On September 13, 2001, the front page of the French newspaper Le Monde, one of the most widely read newspapers in that country, read: “Nous sommes tous américains,” (We are all Americans).1 It remains a grateful and moving piece, which I encourage everyone to read or re-read. Despite France’s troubled history with Jews and a sizeable Muslim population, Le Monde took a stand. This was not a populist statement. It was an expression of humanity, steadfast against the inhumanity of the terror visited on an ally nation.
That headline is a reminder of how people and nations, not just governments, supported America with singular moral clarity when it was cowardly attacked. It was a time when even countries critical of America’s foreign policies understood what the barbarity of attacking unsuspecting civilians on such a large scale, without any warning, meant for a civilized world.
Two decades later, Western culture seems to have lost touch with that particular brand of unity and moral clarity in the face of horrible atrocities. Case in point: the barbaric Hamas attacks against Israeli civilians on October 7.
I am clear that the 9/11 attacks in 2001 are not the same as the attack against Israel in 2023. It’s not my intention to argue that they are. No two historical events can be the same, and while there are elements of similarity, the differences are significant. As Jacques Mintz has pointed out, the 1,400-person death toll amounts to a very high proportion of the population for a small country like Israel (And we should not lose track of the 220+ kidnapped individuals). And when compared to countries like the United States, or even Canada, the contrast of the raw numbers is chilling: “Given Israel’s population of 9.8 million, the death of 1,400 Israelis is as if 5,800 Canadians had died or almost 48,000 Americans — compared with the 3,000 killed in the U.S. on Sept. 11, 2001.”
How would Torontonians or Montrealers feel about the incursion of a foreign force murdering nearly 6,000 Canadians with such savagery? How would Vancouverites feel about rockets incessantly raining from above at any given time?
Hamas’ attacks were horrifically blood-lusting. The killers were indiscriminate in their murderous rampage, also killing Arabs and South Asians, for instance. The killings were performed with such icy intimacy, staring into their victims’ eyes with glee, taunting them and insulting them. The personal investment of the attackers is evocative of the blind savagery of ISIS but at a grander scale.
It is equally crucial to keep in mind that the impetus of the attackers was to kill as many Jews as they could because they were Jews. When we focus on that truth, we may begin to have a speck of understanding.

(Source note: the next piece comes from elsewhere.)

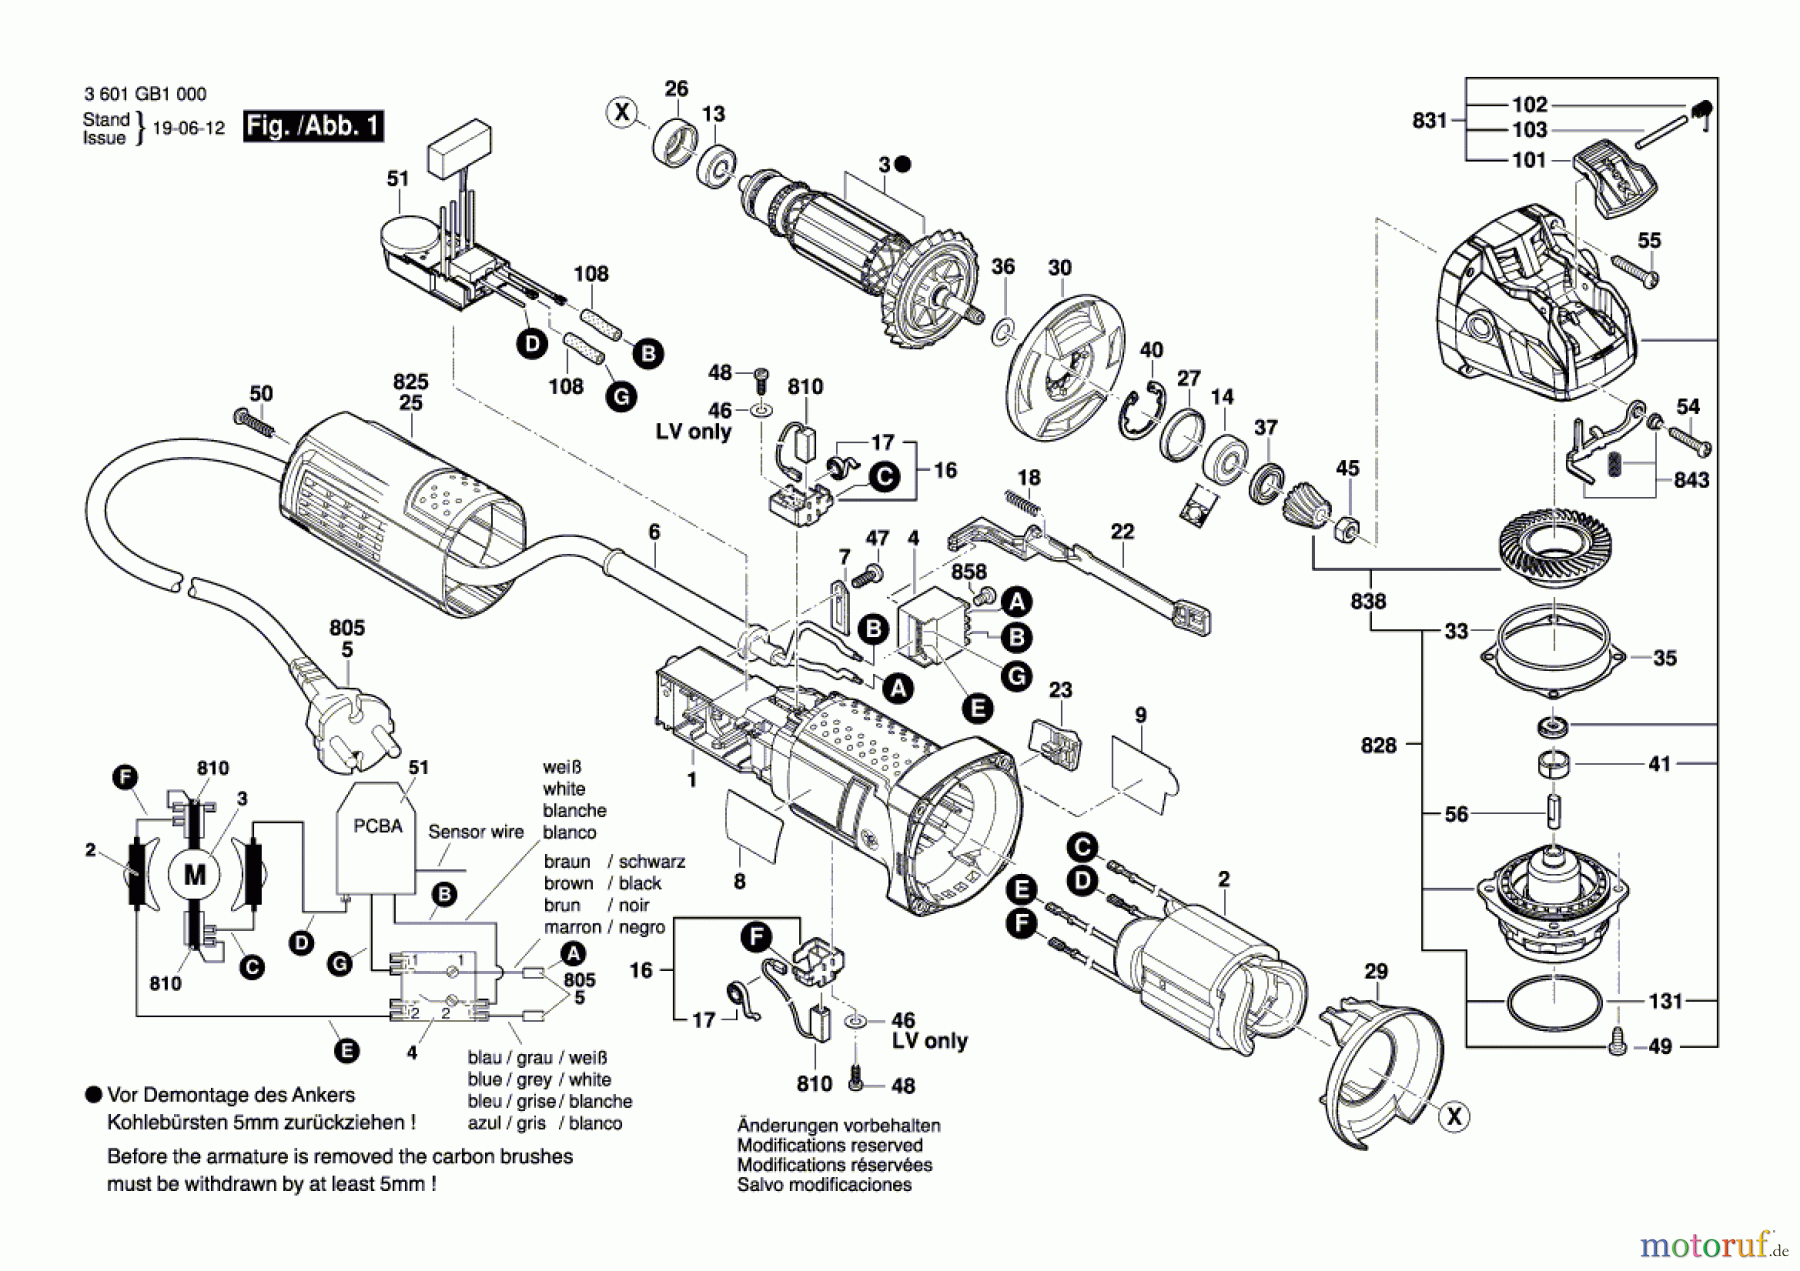  Bosch Werkzeug Winkelschleifer GWX 9-115 S Seite 1

How else do we begin to make sense of the live streaming of some of the killings, and the social media exposure by the terrorists themselves? And the phone call to a parent one terrorist made at the scene, using a victim’s phone, to brag about the savagery he had just committed?
All these are bone-chilling and incomprehensible events for most of us, but the call to a parent demonstrates a particular depravity; it shows a life-snuffing hatred seeking the approval of she who grafted it on the killer’s soul as a child. Even more shockingly repugnant was the parental blessing. As it has been said, this was a present-day pogrom.
No one is surprised to see demonstrations in distant cities such as Damascus and Teheran, in Nablus and Hebron, but how could we have scores of people chanting and celebrating the gruesome deaths of so many innocent lives on the streets of Toronto and Montreal, Calgary and Vancouver?